Mrs. Clinton, by contrast, would make the top 1 percent pay an average of $117,000 more a year while superearners in the top 0.1 percent would see their taxes go up more than $800,000 a year. She would also increase taxes on certain capital gains, limit loopholes used by the wealthy and target dynastic wealth with a steeper estate tax.

In recent decades, there is evidence that wealthier voters have been leaning more Republican. In 1956 and 1960, the share of Republican-identified voters in the top income quintile "was only slightly higher in the highest than in the lowest quintile," Mr. Gelman said. By 2000, those at the top were more than twice as likely to identify as Republican than those at the bottom, according to Mr. Gelman's study.

The closest comparison to the current election among affluent voters is the one in 2008, when Barack Obama carried about half of voters who earned more than $100,000. Yet Mr. Gelman said John McCain still did better among the rich than the poor, and compared with the broader electorate, the wealthy voted Republican more often.

In the current election, Mrs. Clinton is poised to capture a far larger share of the affluent vote than Mr. Obama. And if the numbers hold, the elite would lean more Democratic than Republican for the first time in at least 50 years, Mr. Gelman said.

Among the rich and superrich, the politics are more divided. In the run-up to the 2012 election, 61 percent of millionaire voters (those with investable assets of $1 million or more) supported the Republican nominee, Mitt Romney, according to a survey from the Spectrem Group. In the 2008 election, while more than three-quarters of millionaire families favored Mr. McCain, two-thirds of families worth $30 million or more supported Mr. Obama.

Some argue that the rich have become more Democratic because many of the richest states, like California, New York, Connecticut and Maryland are blue. Yet Mr. Gelman's research shows that while rich states lean more Democratic, affluent voters still lean more Republican.
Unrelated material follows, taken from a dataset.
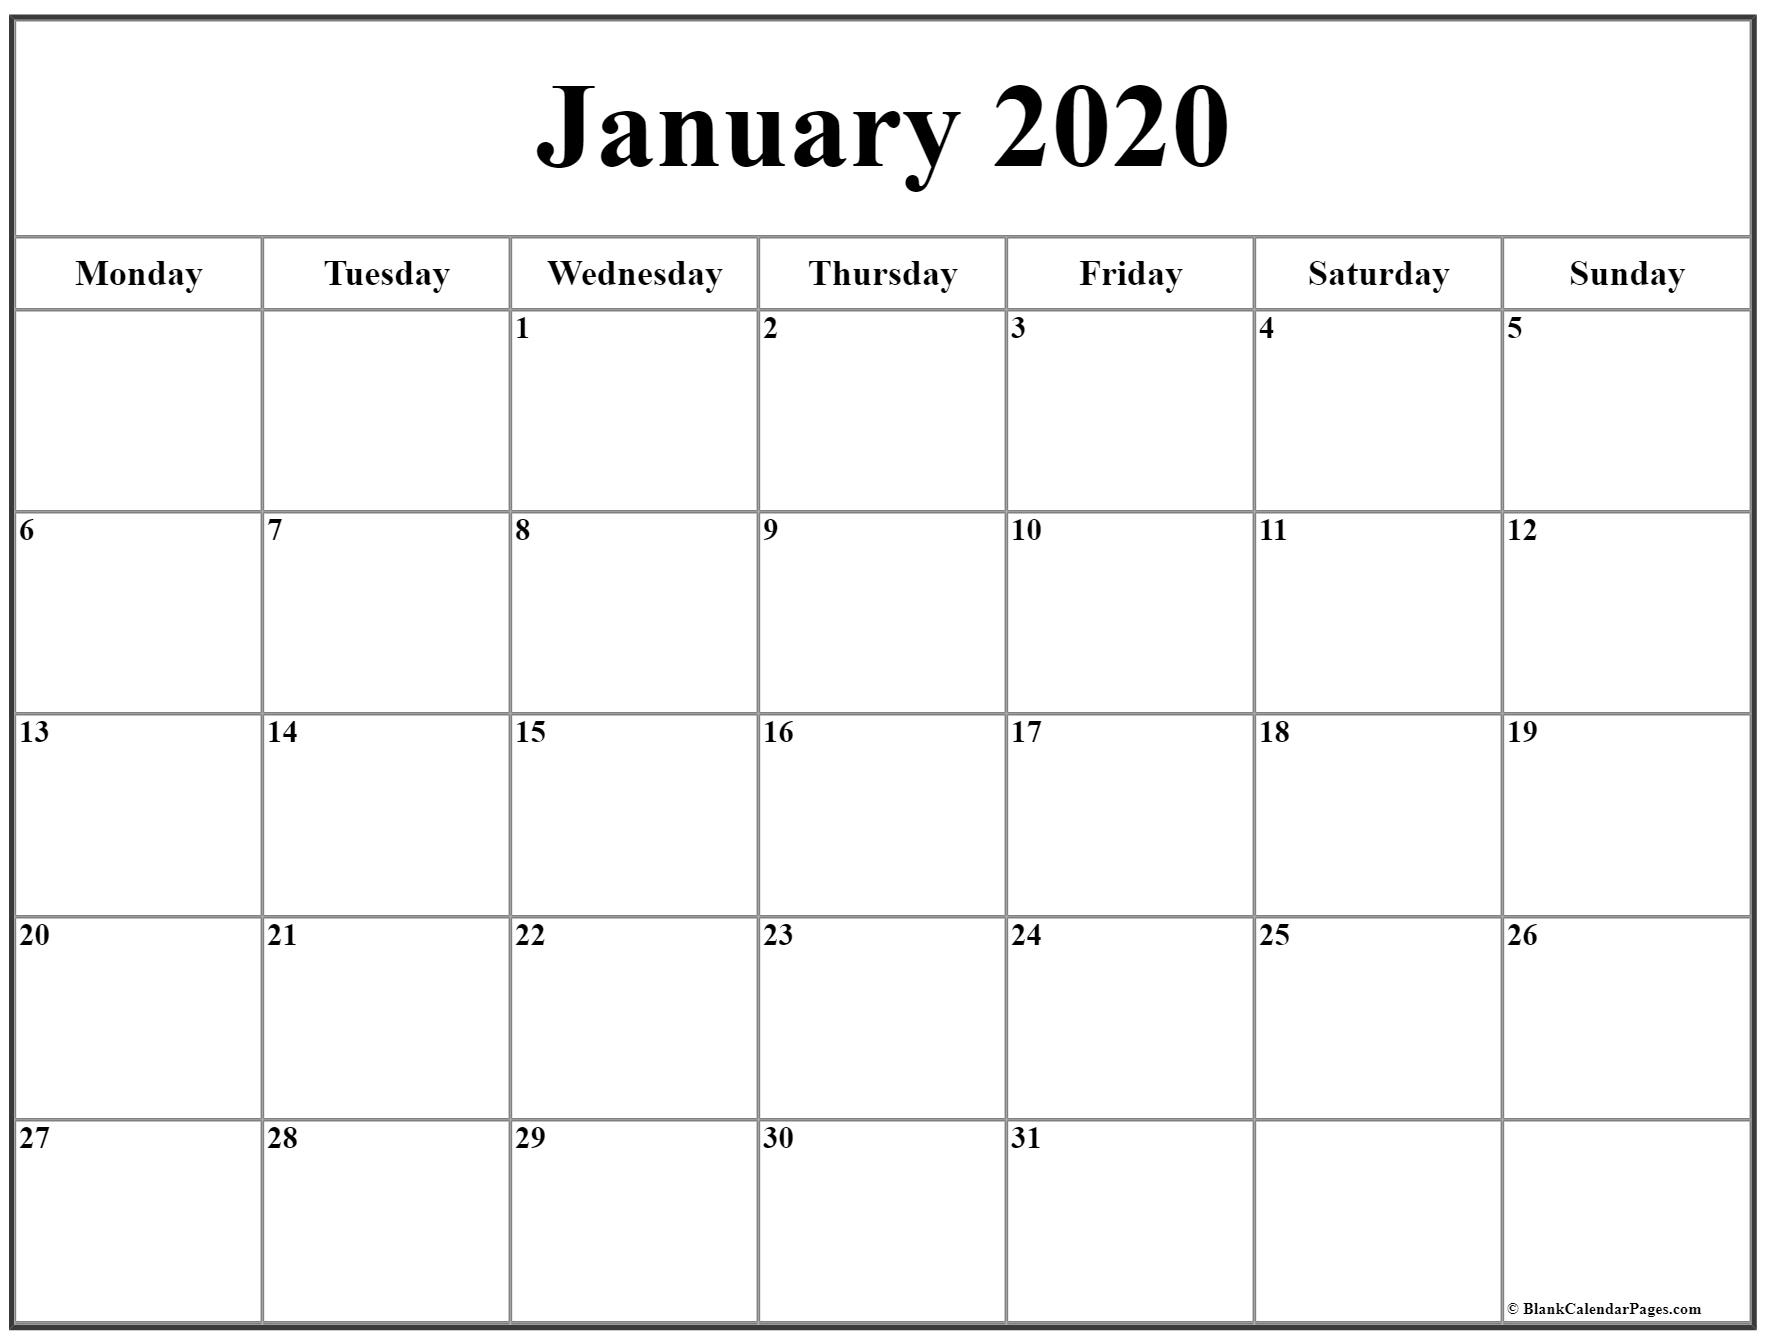 January 2020 Monday Calendar | Monday To Sunday pertaining to Monday Thru Friday Calendar 2020 Printable

"The Republicans have the support of the richer voters within any given state but have more overall support in the poorer states," Mr. Gelman said. "Thus, the identification of rich states with rich voters, or more generally, the personification of so-called red and blue states, is misleading."

In the current election, of course, neither candidate is publicly courting the wealth vote. Even Mr. Trump has been labeled a populist. Yet affluent voters are 15 to 20 percent more likely to vote than the broader population, according to Ipsos. Their financial support gives the wealthy an outsize voice in campaigns.

"I don't think either candidate wants to be seen as having the support of the 1 percent right now," Mr. Kraus said, "even though they are both part of the 1 percent."